Douleur à la main
« La rééducation et l’utilisation d’attelles passives ou dynamiques sont indispensables pour obtenir des résultats favorables. »
DR. ALEJANDRO ALMOGUERA MARTÍNEZ
SPÉCIALISTE. DÉPARTEMENT DE CHIRURGIE ORTHOPÉDIQUE ET TRAUMATOLOGIQUE

La douleur de la main peut avoir de multiples causes. La main est particulièrement exposée aux plaies et brûlures causées par des objets de travail ou d’usage domestique. La majorité des lésions graves de la main sont dues à l’inexpérience ou au non-respect des précautions nécessaires lors de l’utilisation de machines ou d’instruments.

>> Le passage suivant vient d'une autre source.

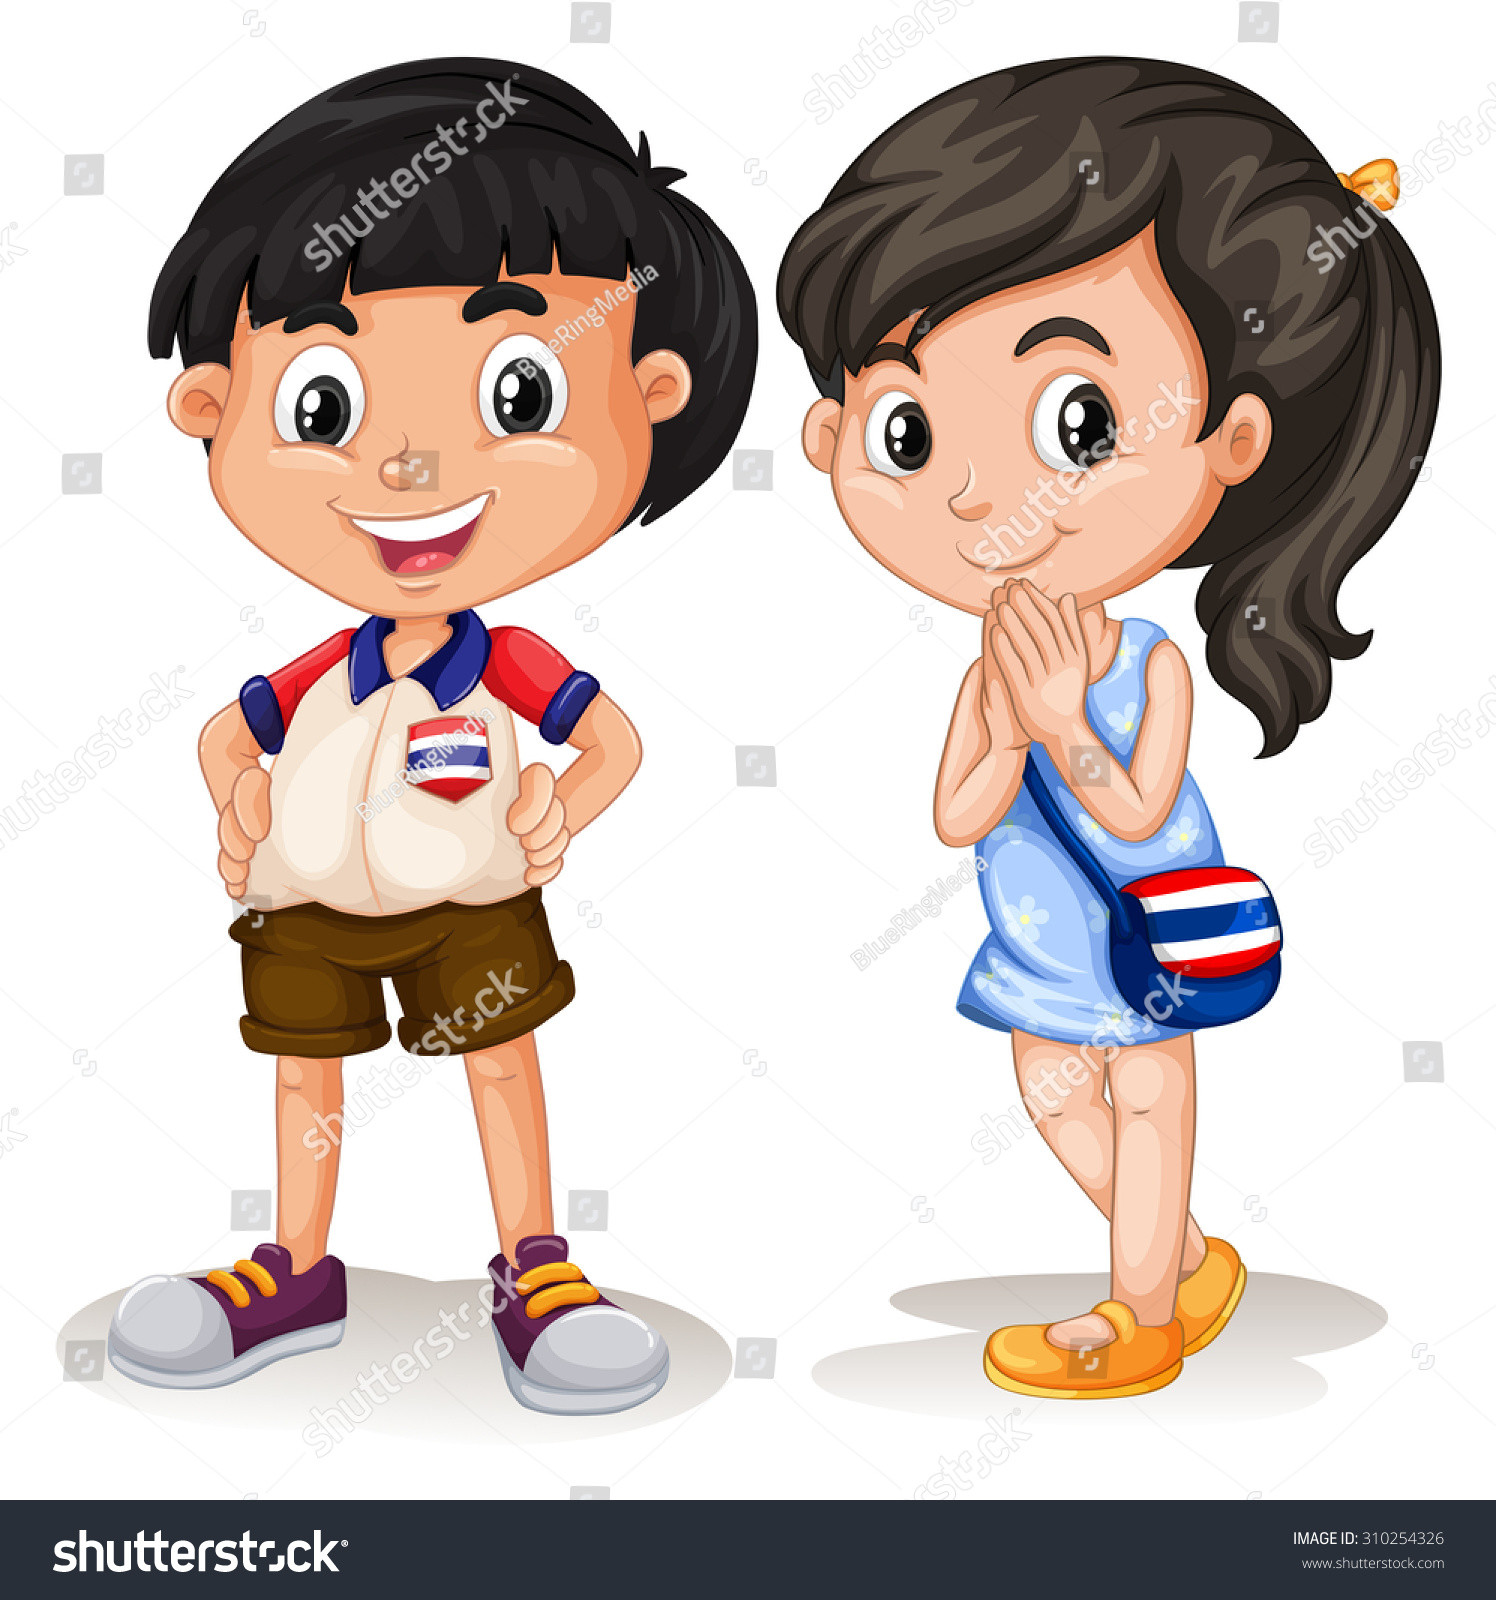 boy and girl clipart free - photo #24

Les motifs de consultation sont fréquemment liés à des plaies, des douleurs ou des déformations. Il est important de déterminer la chronologie des symptômes et des signes, ainsi que leurs causes possibles.
L’examen clinique est l’élément le plus important pour le diagnostic. Il est également essentiel d’examiner d’autres zones susceptibles d’être à l’origine des symptômes, telles que le cou, le bras, le coude ou l’avant-bras.
Le traitement des lésions de la main a pour objectif principal la récupération de la fonction.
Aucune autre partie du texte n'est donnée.